Ведь это же по наущению Нины Всеволодовны он последнее время искал знакомств с людьми, искренние отношения появились у него с Никанором Евдокимовичем Сапожковым, и у Прохиных он был на чашечке чая, подружился там с Груней... Груня будет приходить к нему в новую квартиру мыть полы, иной раз что-нибудь постряпать. Всему этому причиной Нина Всеволодовна, и не может быть, чтобы она не чувствовала в самой себе этой причины для общения непосредственно с ним, с Корниловым.
Месяц прошел, пока следующее случилось: он сидел в комнате Нины Всеволодовны и – весь внимание! – слушал ее.
Она рассказывала о Лазареве, о ком же еще ей было рассказывать? О чем?

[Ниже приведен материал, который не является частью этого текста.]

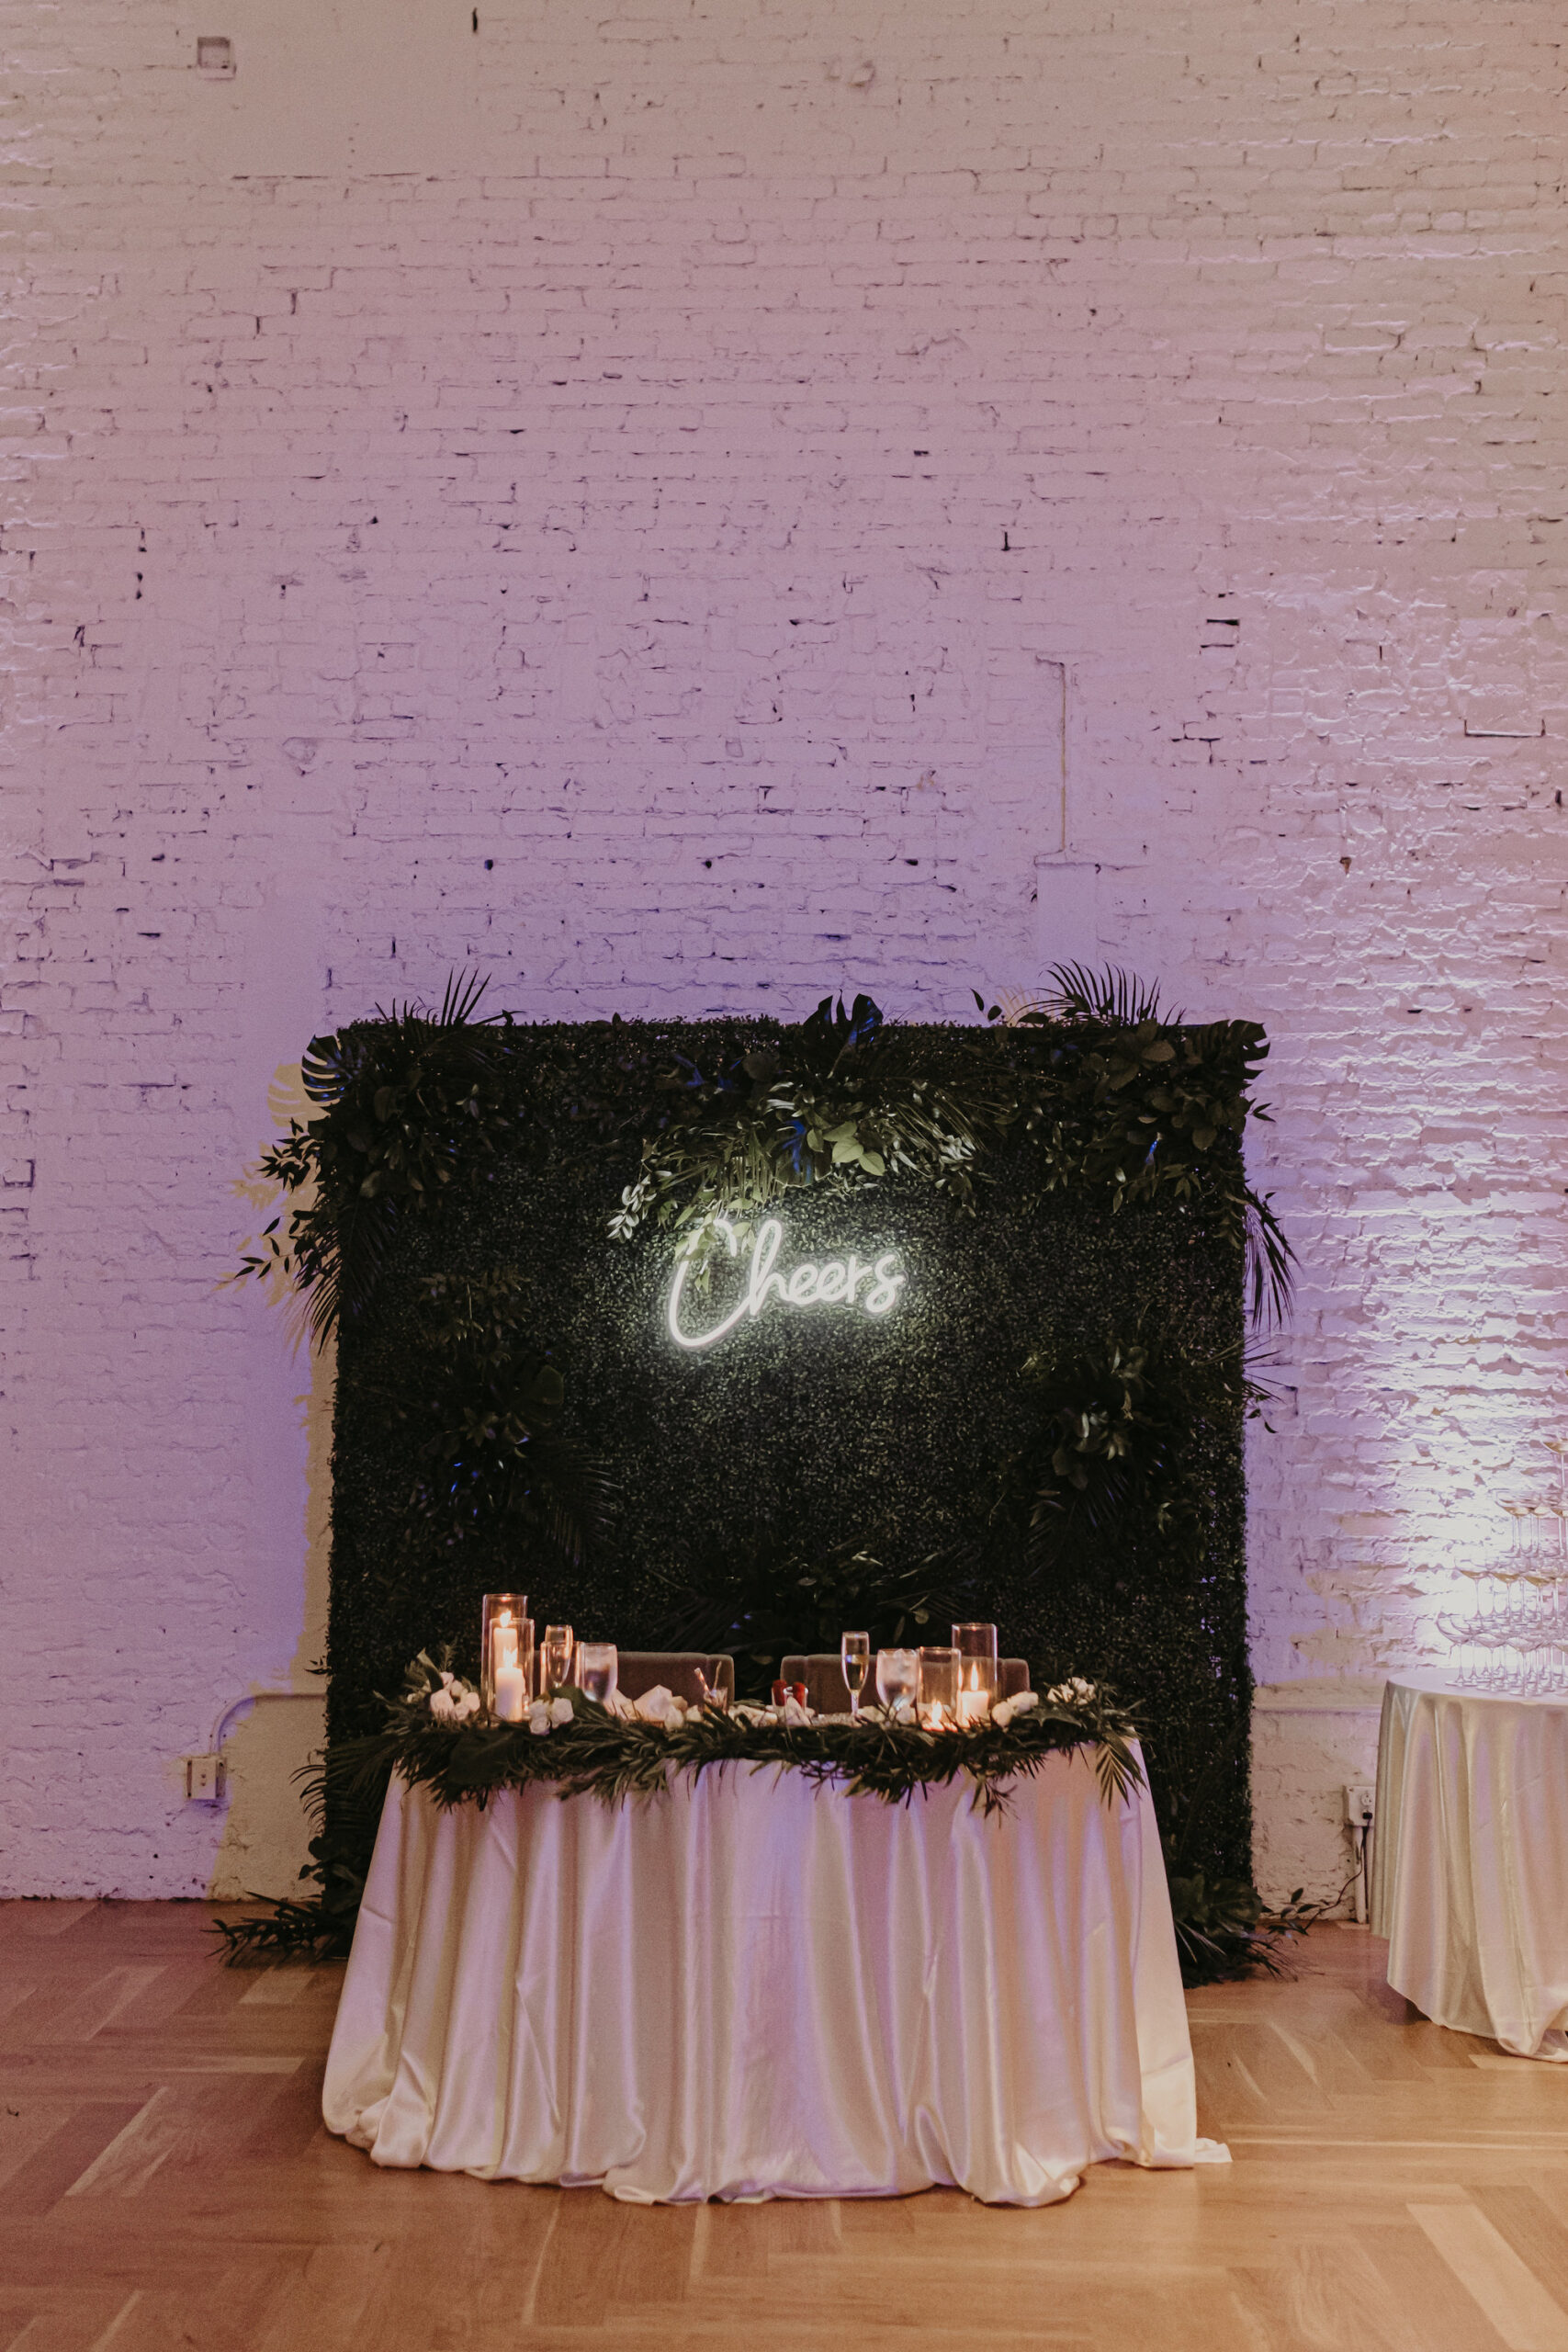 Tropical Greenery Wall Backdrop | Sweetheart Candlelit Head Wedding Reception Table Inspiration with Neon Cheers Sign

– ...Он мог работать двадцать часов в сутки. И тридцать шесть часов подряд мог. Он удивлялся, когда удивлялись ему: «Пустяки! Через полсуток наступает момент слабости – голова кружится, поташнивает, но это недолго, это надо преодолеть, а потом все пойдет как ни в чем не бывало. Вот и при голодовке бывает такой же критический момент – это на всякий случай надо знать каждому... Момент преодолен, и ты снова тот самый работник, которым хочешь быть!» И не дай бог посоветовать, сказать ему, чтобы отдохнул, что не надо бы идти на какое-то заседание, собрание, на какой-нибудь президиум. Такой совет – это покушение на его самостоятельность, и вот я ни одним словом никогда не вмешивалась в его работу... Он говорил, что, чем меньше я буду вникать в его работу, тем больше сил останется у меня и у него для нашей любви... Кроме того, это была его привычка детства – он из состоятельной семьи, но начал работать и жить на свои средства уже в пятнадцать лет, уже тогда никого не посвящая в свою работу. И вот он взваливал на себя все больше, больше работы, и незадолго до его смерти я решилась и сказала ему, что он должен себя беречь, соизмеряться со своими огромными, но все-таки реальными, а не воображаемыми силами. Что, может быть, ему будет легче, если он хоть что-нибудь будет рассказывать мне. Не обязательно что-то специально техническое или же сугубо партийное, но могут же быть у него какие-то опасения, сомнения, еще что-то такое, чем человек обязательно должен поделиться с другим человеком. «Все так делают, все ответственные, все до крайности загруженные работой люди! » – сказала я. Он, конечно, возразил: «Не все! Военные же специалисты не говорят женам о планах своих штабов?»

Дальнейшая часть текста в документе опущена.